Shelley is a product of the Westminster School, an ancient and elite London academy housed in the cloisters of Westminster Abbey. Its graduates include John Dryden, Christopher Wren and Edward Gibbon, as well as such eminent musicians as Henry Purcell, Roger Norrington and Ian Bostridge. Shelley sang in the school choir, played as cello soloist with the orchestra, and even conducted pieces by Haydn and Mozart, at the age of 14. But for him, the most important thing about the place was that the teaching "was very much about learning how to learn."

After a year at the Royal College of Music – the same school attended by his father, the pianist and conductor Howard Shelley – the young cellist left to join a new teacher in Dusseldorf. He stayed in Germany for nine years, completing two degrees as a cellist and another as a conductor. He was still studying when his mother, who also had a career as a concert pianist, suggested he try out for the Leeds Conductors Competition in 2005. He did, and won, and was soon making debuts with major British orchestras – "a trial by fire" for someone who had never previously conducted a professional orchestra.

He has been chief conductor since 2009 of the Nuremberg Symphony Orchestra, where he gets a lavish 24 hours of rehearsal for each program. He's also principal associate conductor of the Royal Philharmonic in London, where he's lucky to get six. "The skill set required in London is much more non-verbal, much more reliant on hand gesture and trust, knowing what will come together in a concert and what won't."

The NACO is a nice compromise: The players sight-read well, as in London, and there's reasonable time for rehearsal, as in Nuremberg.

One of the showpieces of Shelley's first season is a five-concert series devoted to the 1920s, with an emphasis on the extreme stylistic variety, classical and not, of the music of that go-go decade.

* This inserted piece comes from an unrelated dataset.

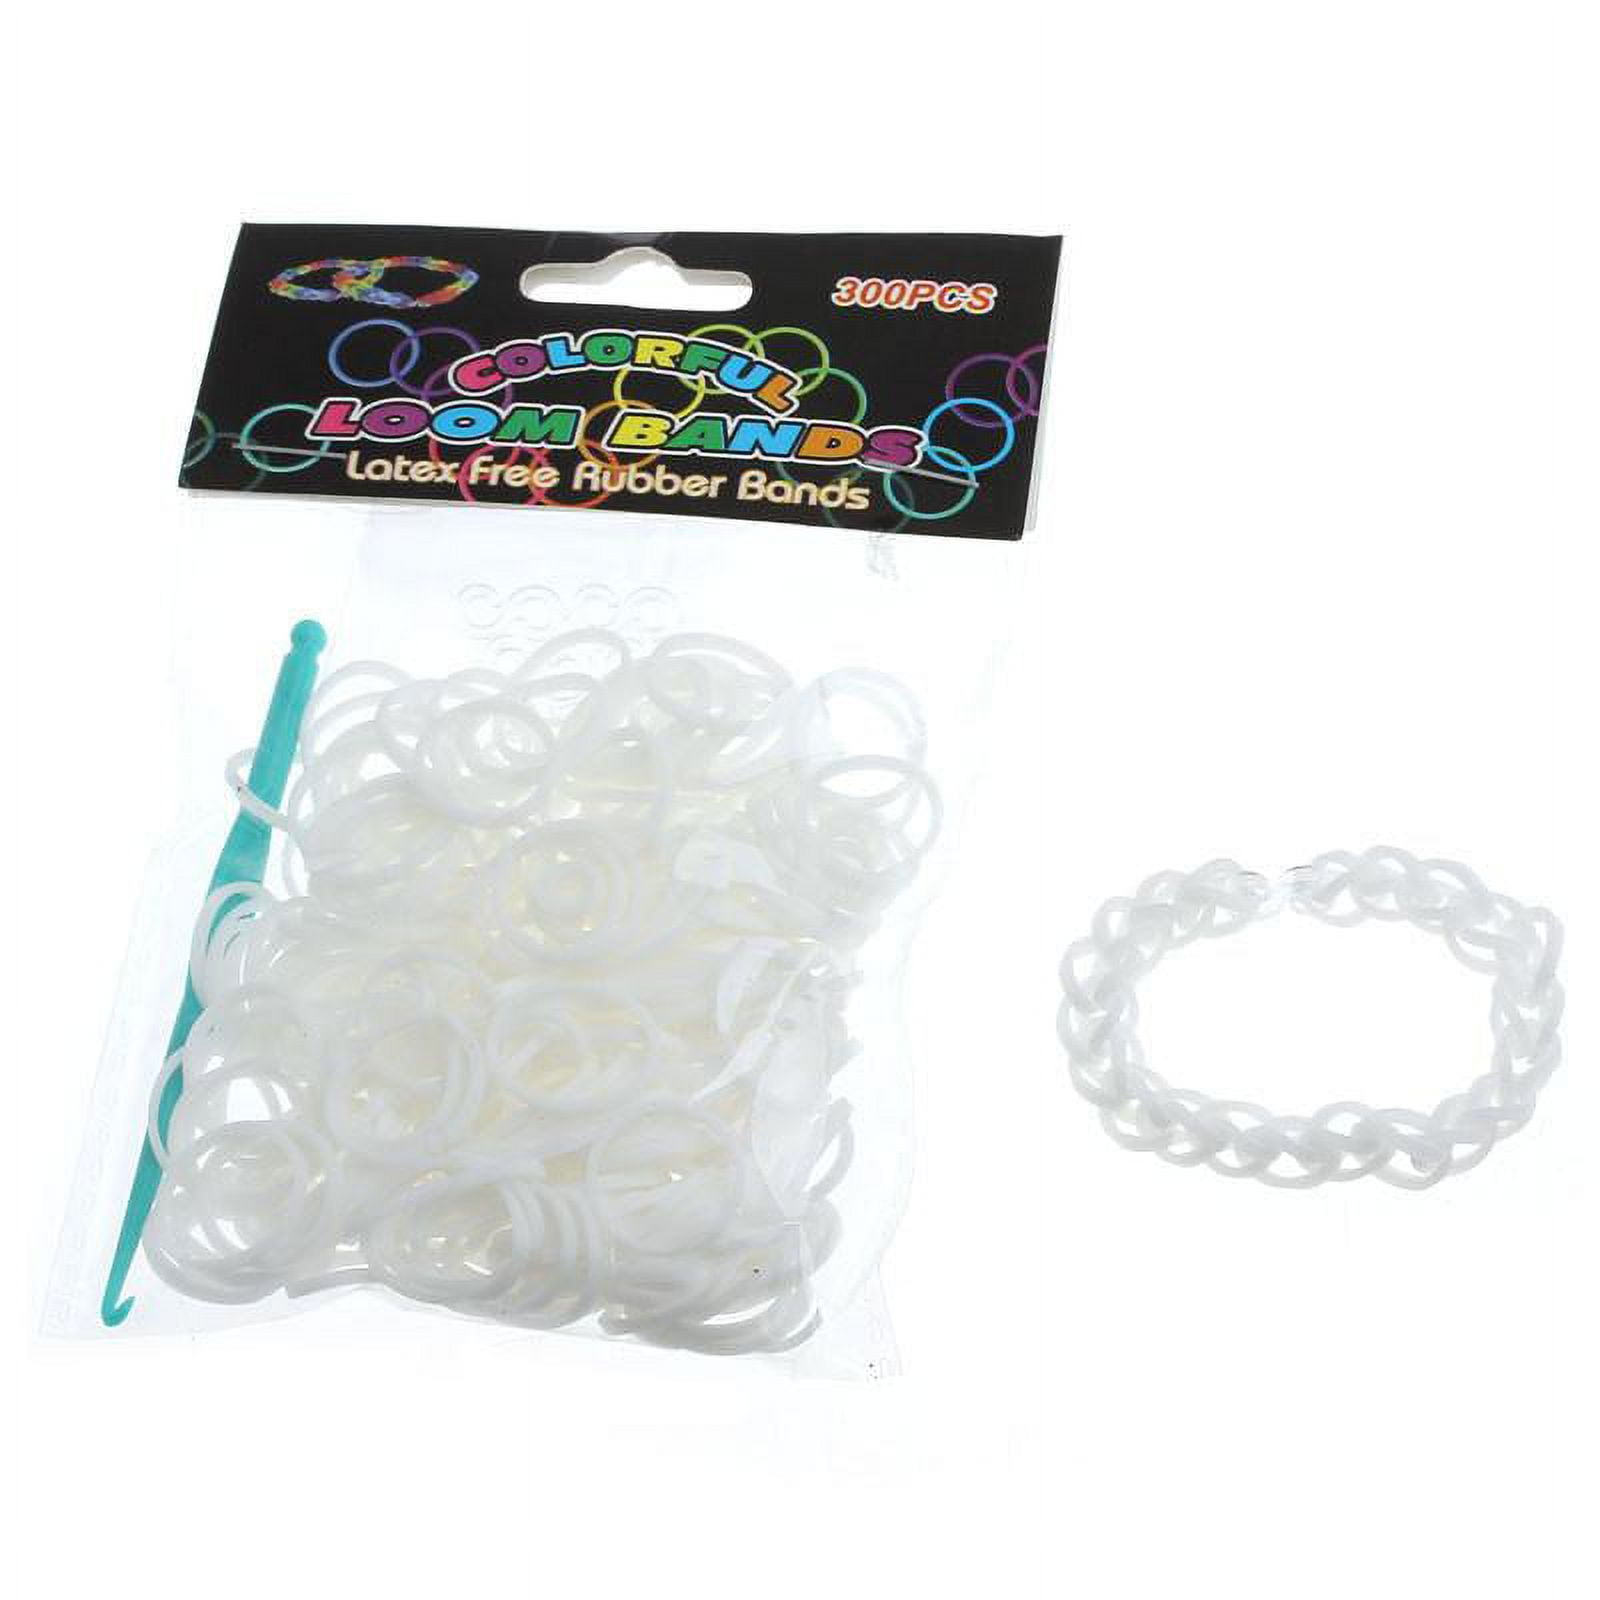 NOGIS 1200pcs S Clips for Rubber Band Bracelets, Colorful and

"I'm very interested in the connectivity of music of the 20th and 21st centuries, of all styles, including pop music, jazz, rap and dance music," he says. It's not impossible that he may play some piano jazz after one of those shows, as he has done after some concerts in Europe.

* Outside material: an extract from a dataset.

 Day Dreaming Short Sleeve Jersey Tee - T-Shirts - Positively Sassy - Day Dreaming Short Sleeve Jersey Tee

Shelley's Tristan program matches Dutch composer Henk de Vlieger's 60-minute arrangement of themes from the opera with Der Gerettete Alberich, American composer Christopher

Rouse's creative speculation about what happens to Wagner's character Alberich after the end of the Ring cycle. Another program combines a new setting by Alberta-born Zosha di Castri of a text adapted from an Alice Munro reminiscence of childhood, with Mahler's Symphony No. 4, whose last movement also touches on the experiences of youth. John Estacio's I Lost My Talk, on another program with music by Shostakovich and Korngold, is a setting of a poem by Mi'kmaw elder Rita Joe, whose work Shelley discovered while reading up extensively on the country of his newest gig.

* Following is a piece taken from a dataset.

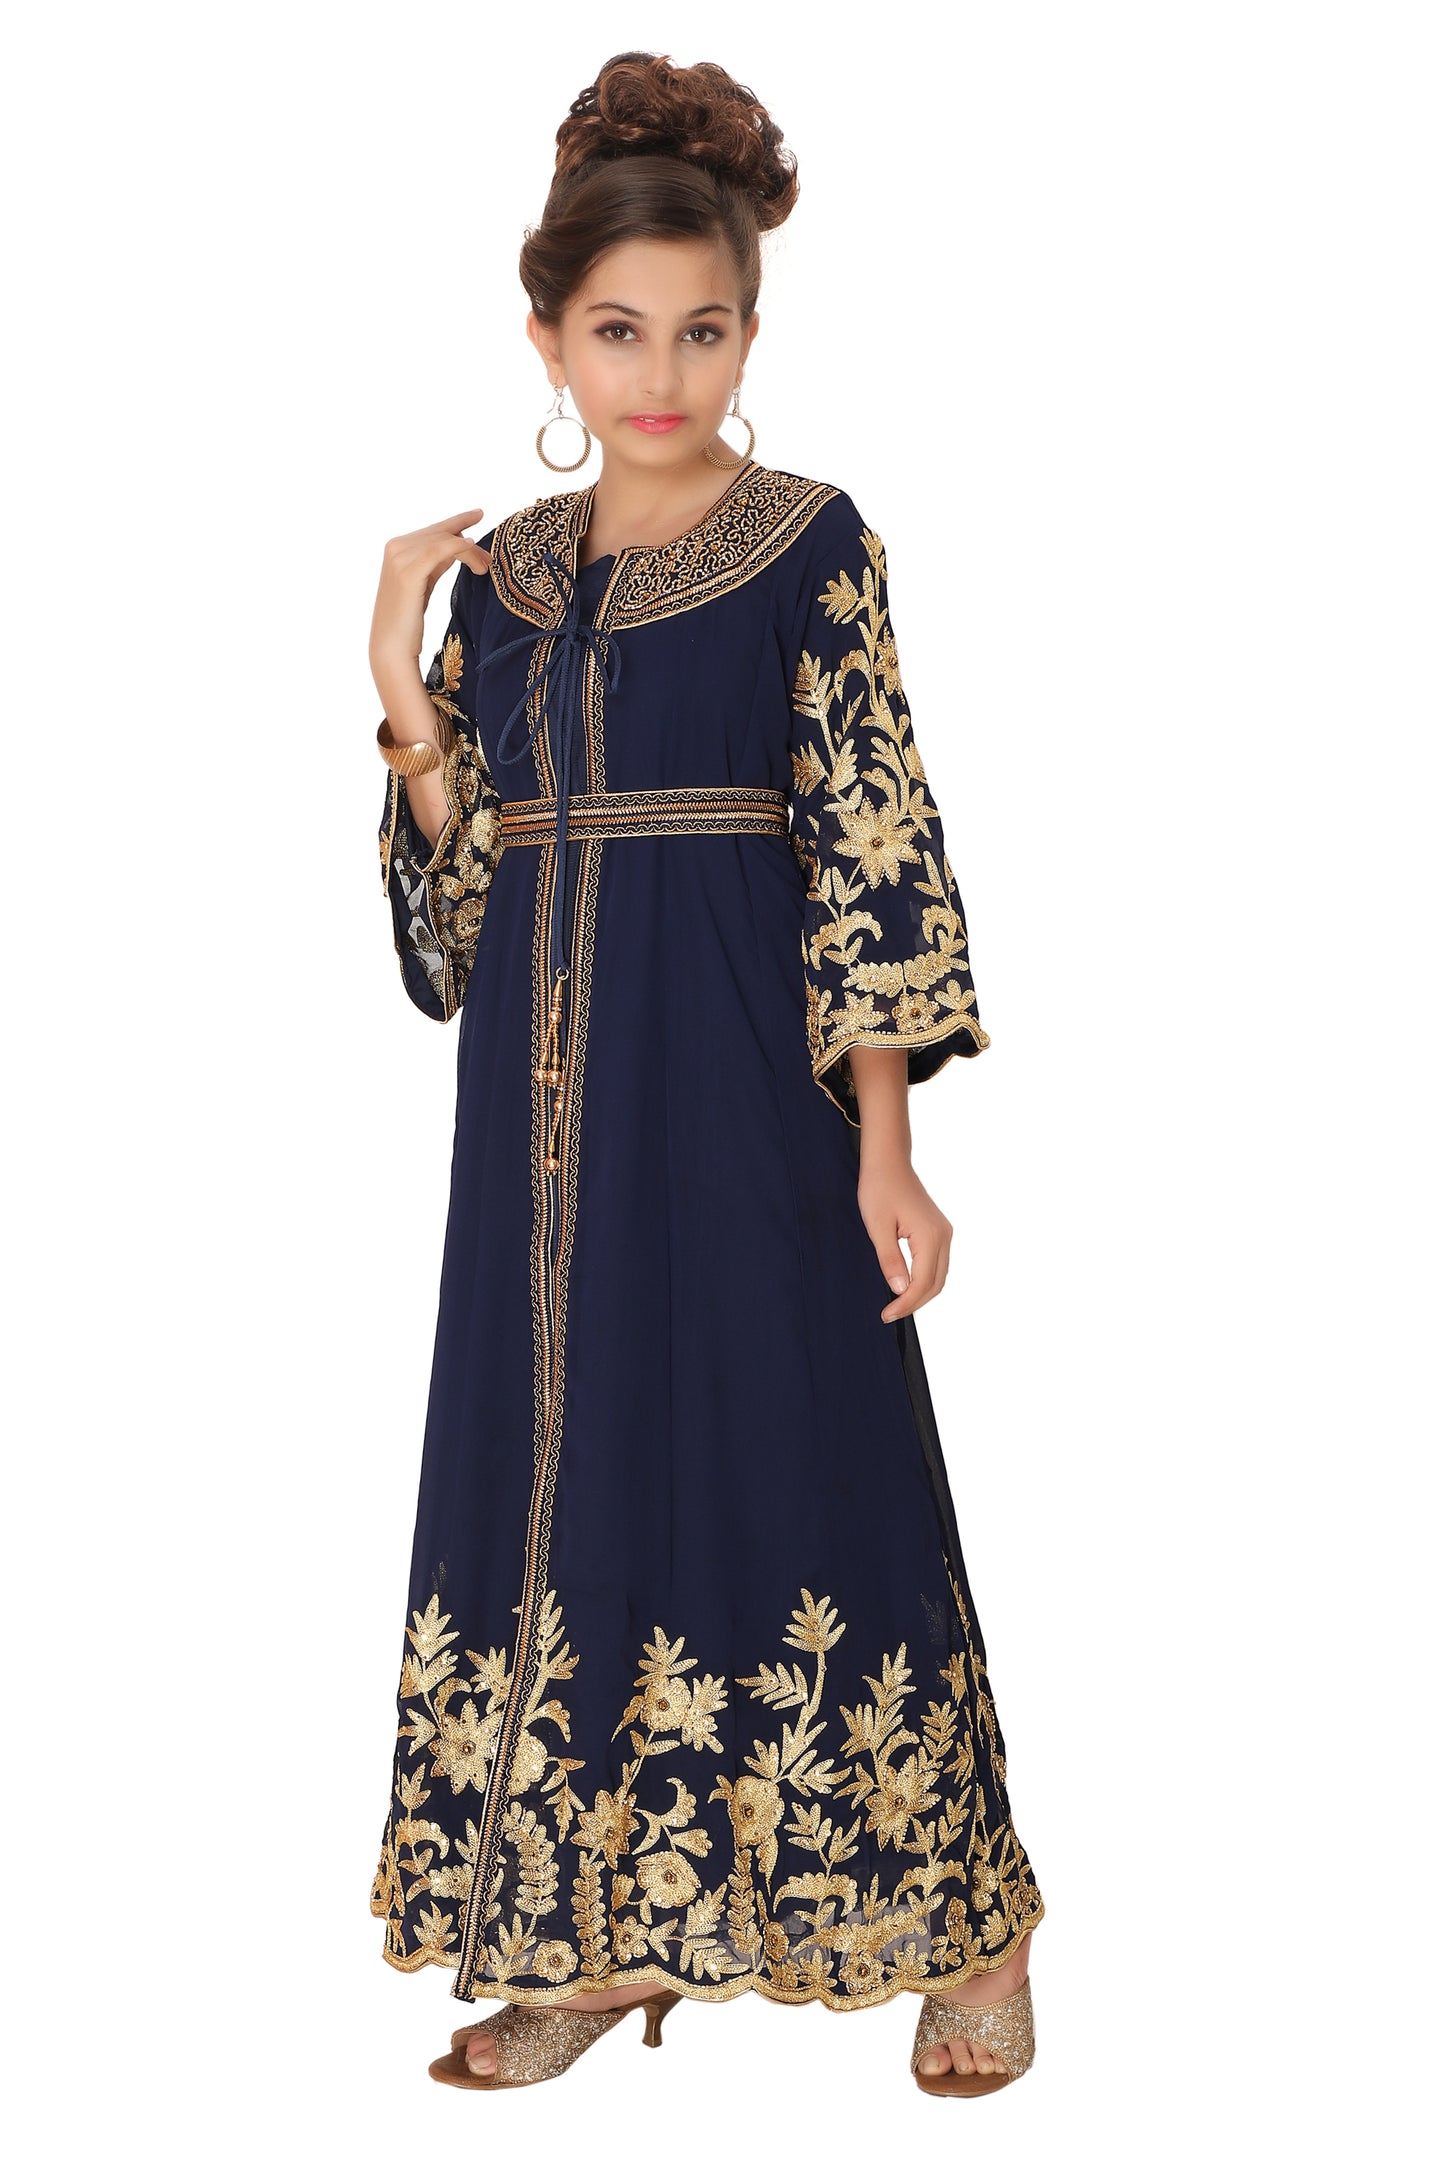 Load image into Gallery viewer, Designer Arabian Kaftan Golden Embroidered Party Dress - Maxim Creation

The season as published this week is a work in progress, he says. "There are some big things coming in the rest of the season that have yet to be announced," he says. "We're also working on a longer-term project, for which we are talking with a lot of the very diverse creative voices in the country."

When I ask for more details, he grins conspiratorially, obviously dying to say but not daring to yet. He's got lots to tell, this Mr. Shelley, and much to show as well, during his first year with the NACO.